(DATA BELOW begins)
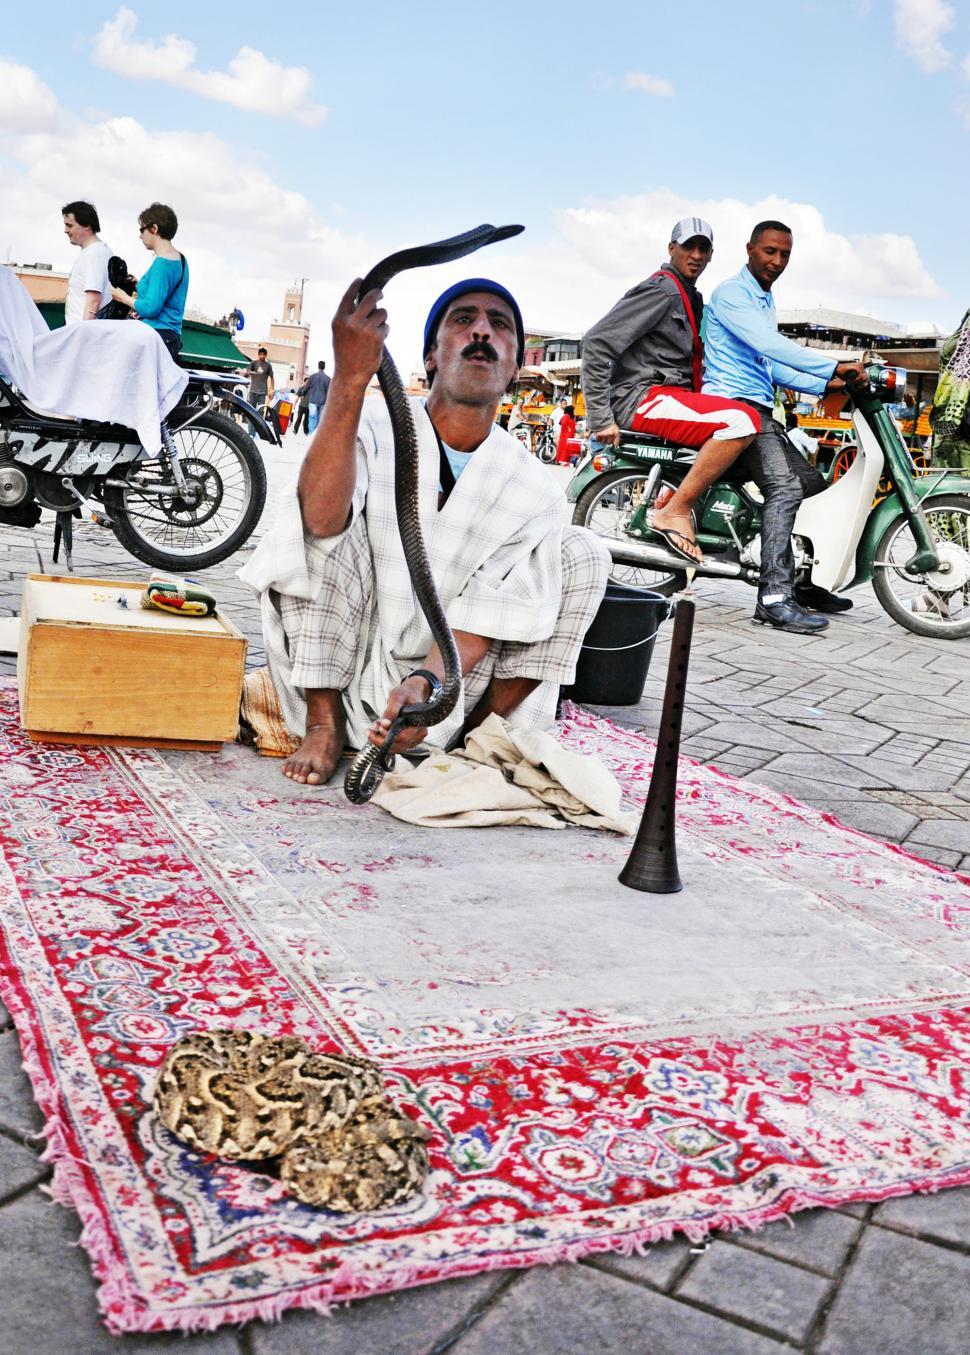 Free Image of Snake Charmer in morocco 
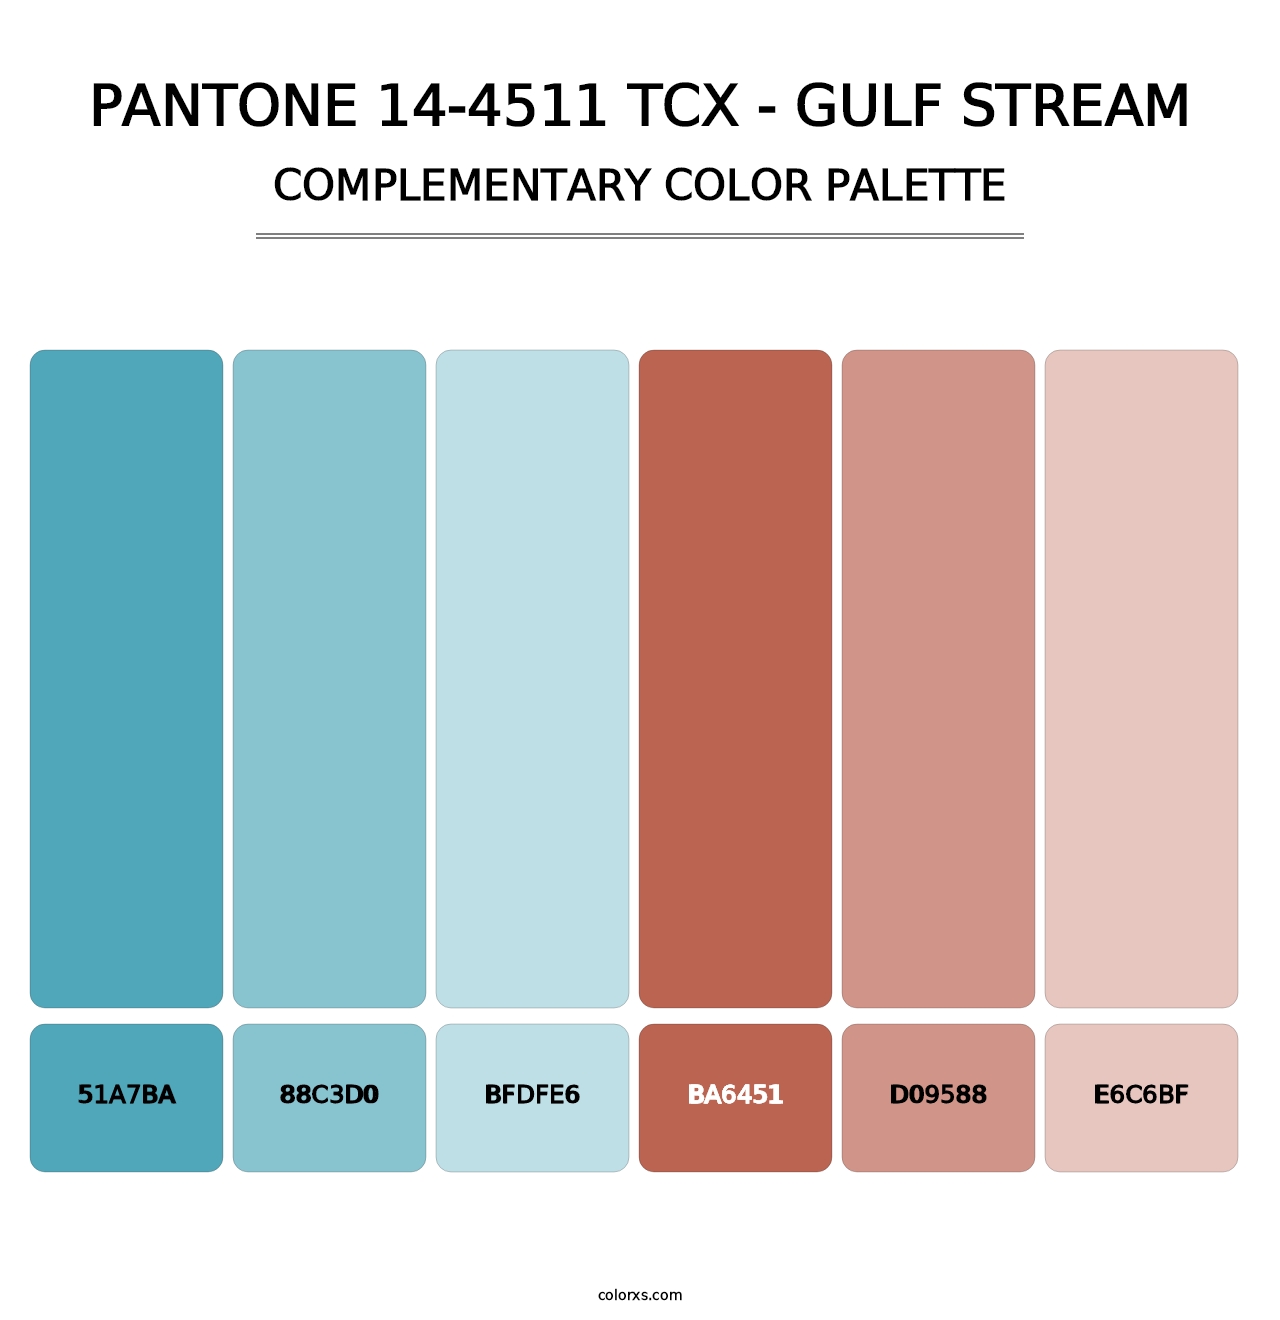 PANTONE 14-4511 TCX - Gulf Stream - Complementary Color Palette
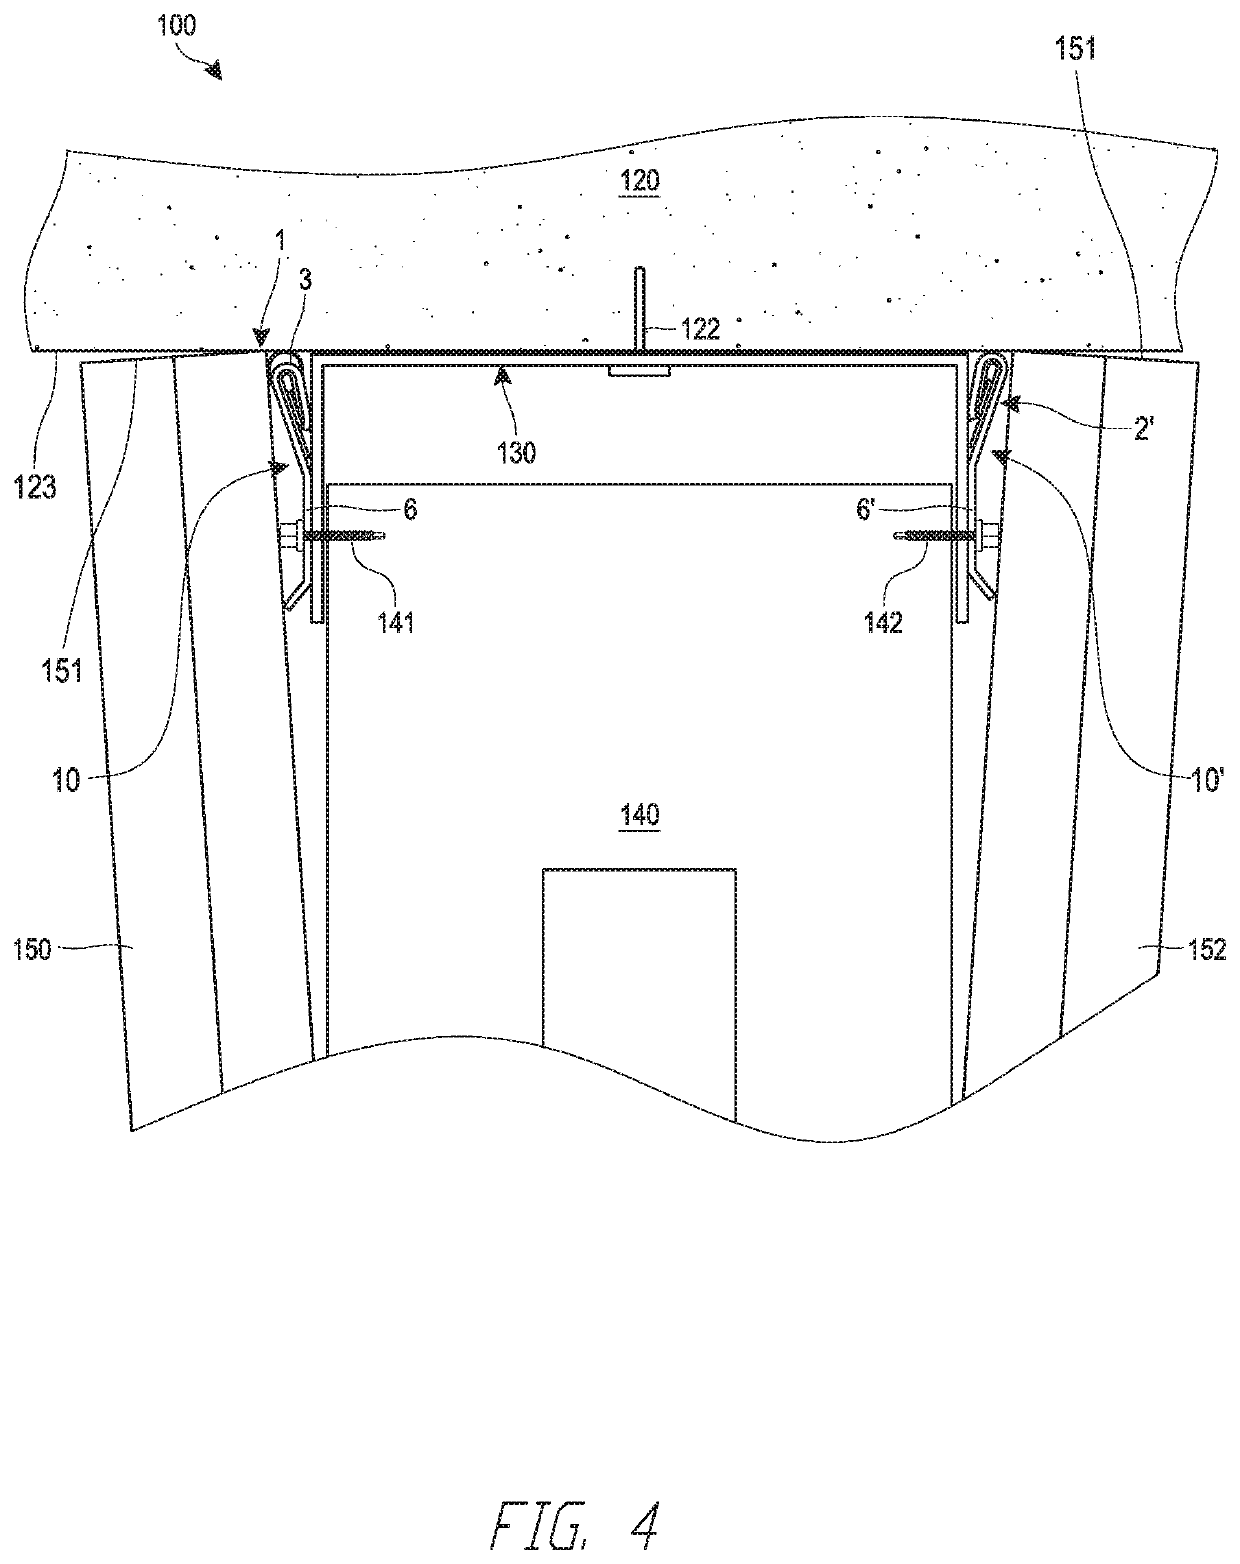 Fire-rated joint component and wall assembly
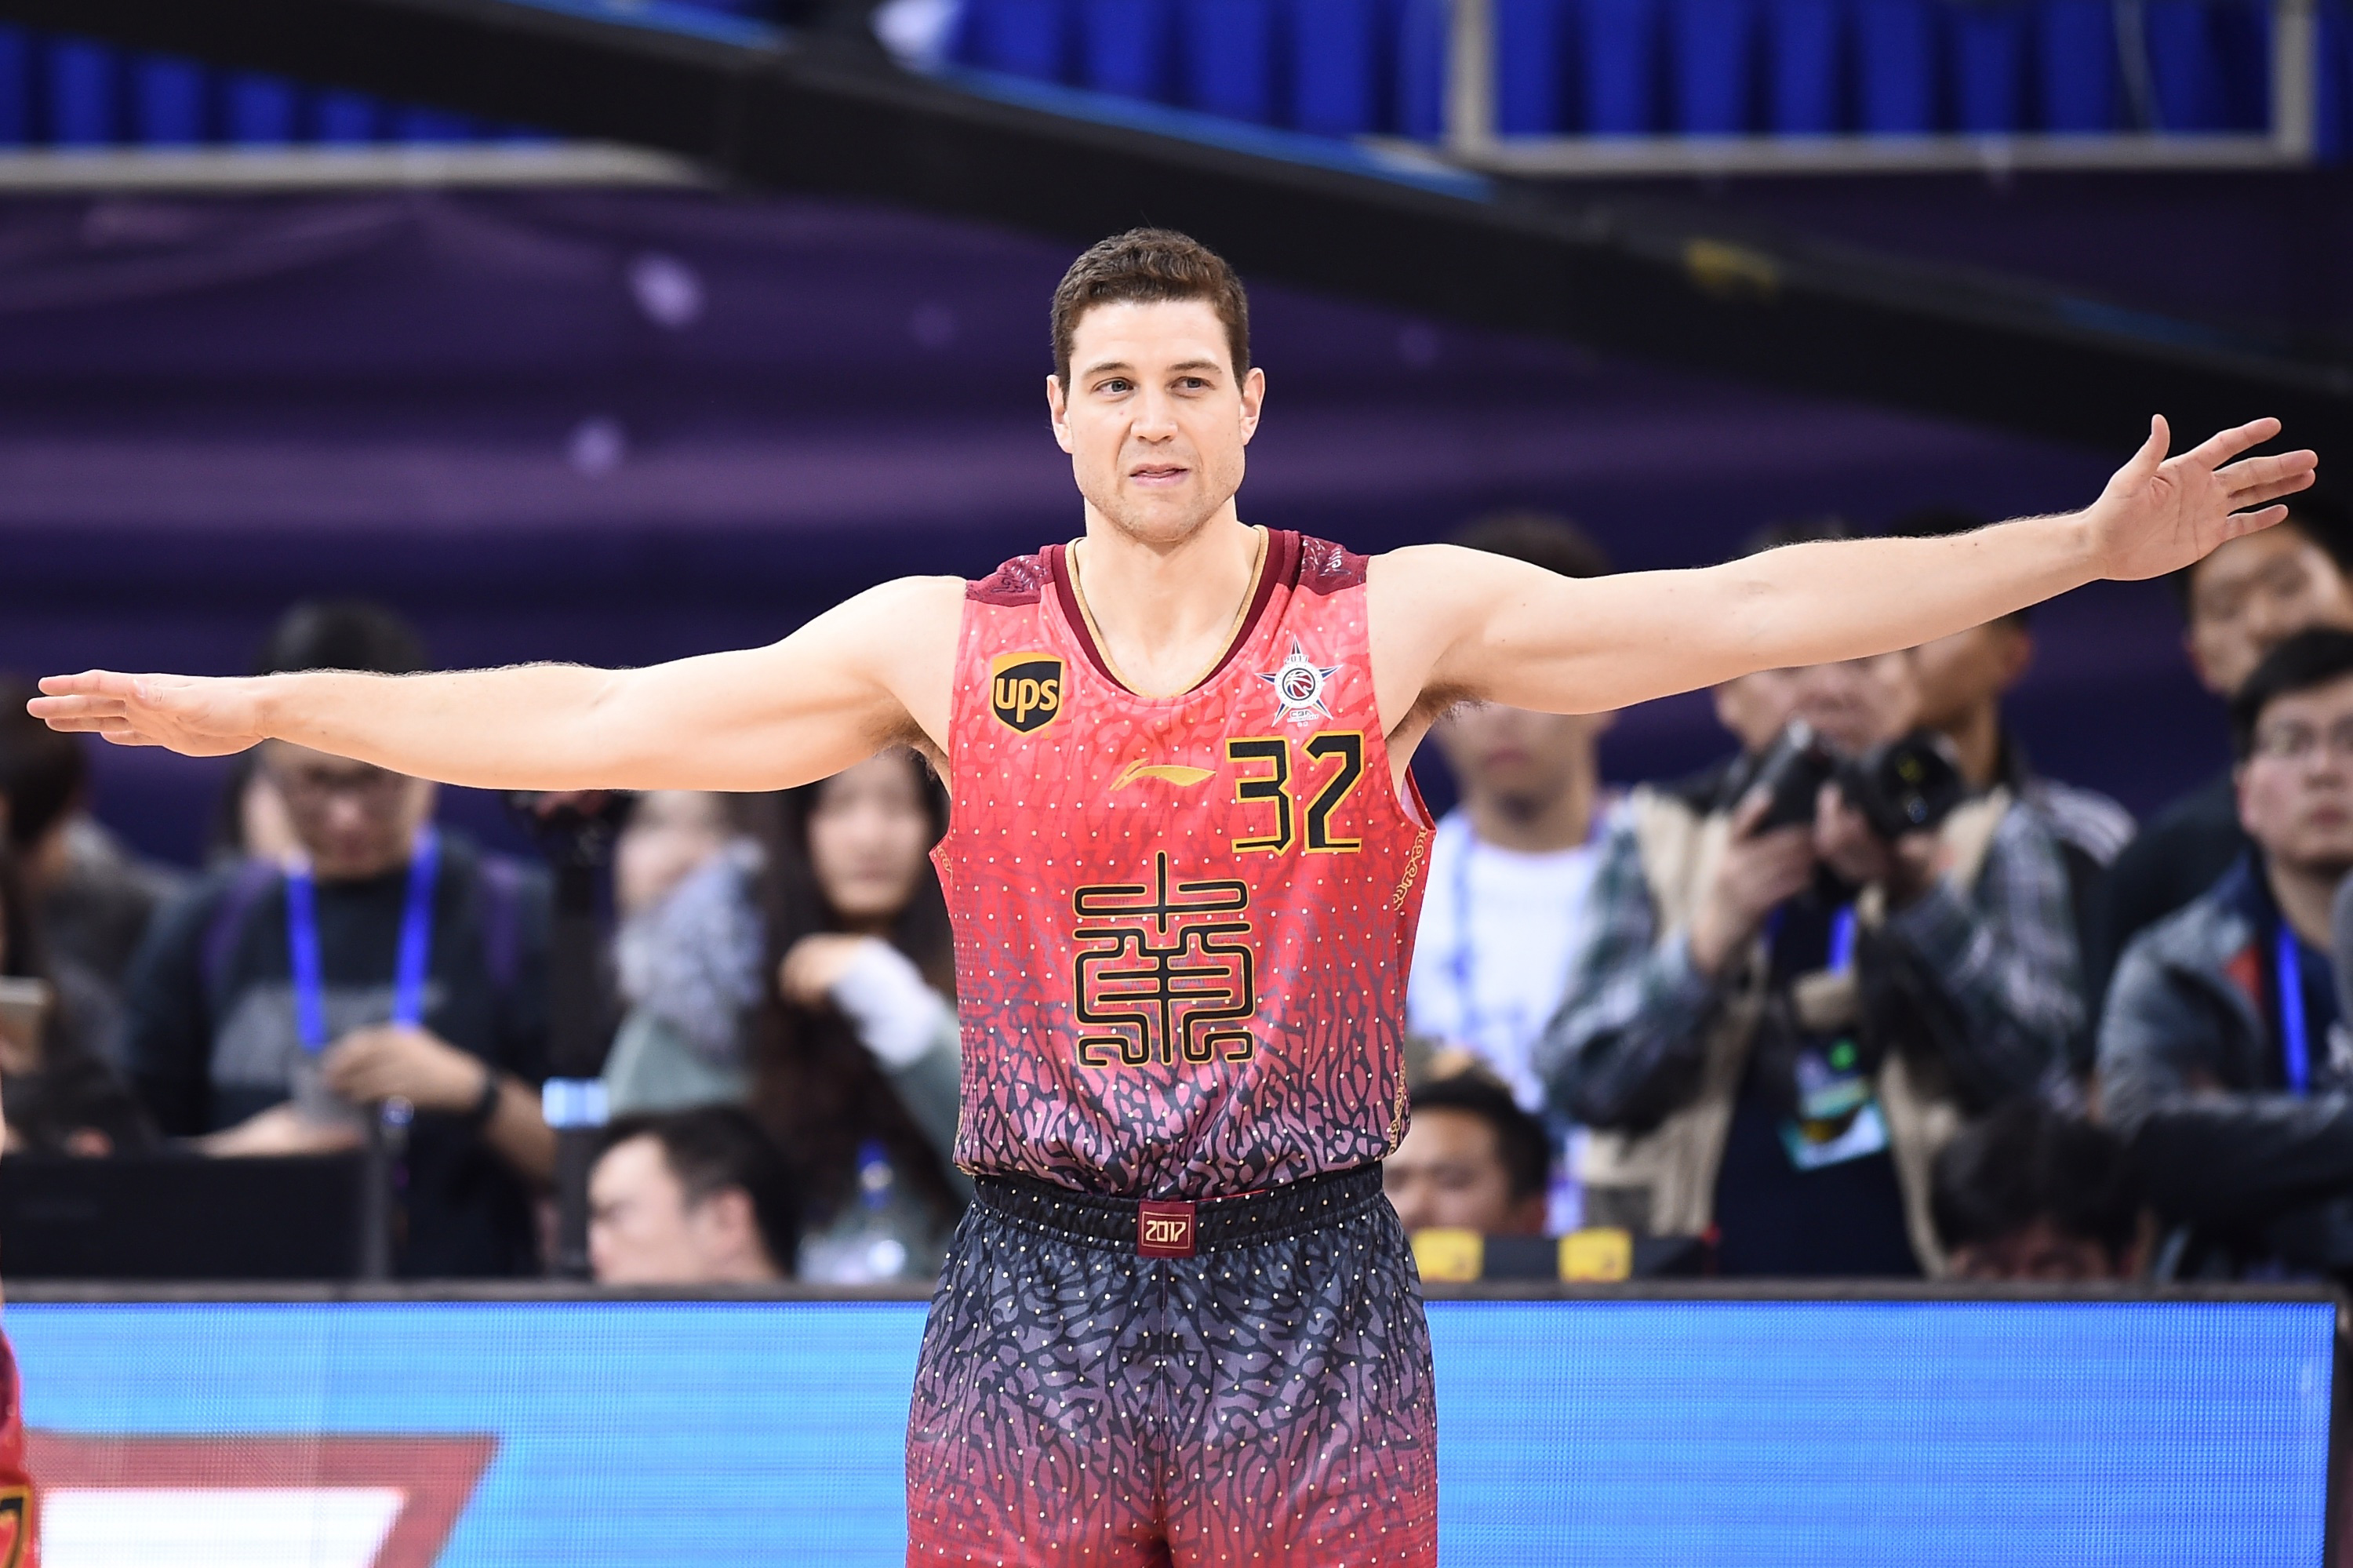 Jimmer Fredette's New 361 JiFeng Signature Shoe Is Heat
(DATA BELOW ends)
▶ _WORK TO COMPLETE_: I would like the material above returned exactly as it stands, without its pictures.

▶ _SOLUTION BELOW_:
 Free Image of Snake Charmer in morocco 
 PANTONE 14-4511 TCX - Gulf Stream - Complementary Color Palette
 Fire-rated joint component and wall assembly
 Jimmer Fredette's New 361 JiFeng Signature Shoe Is Heat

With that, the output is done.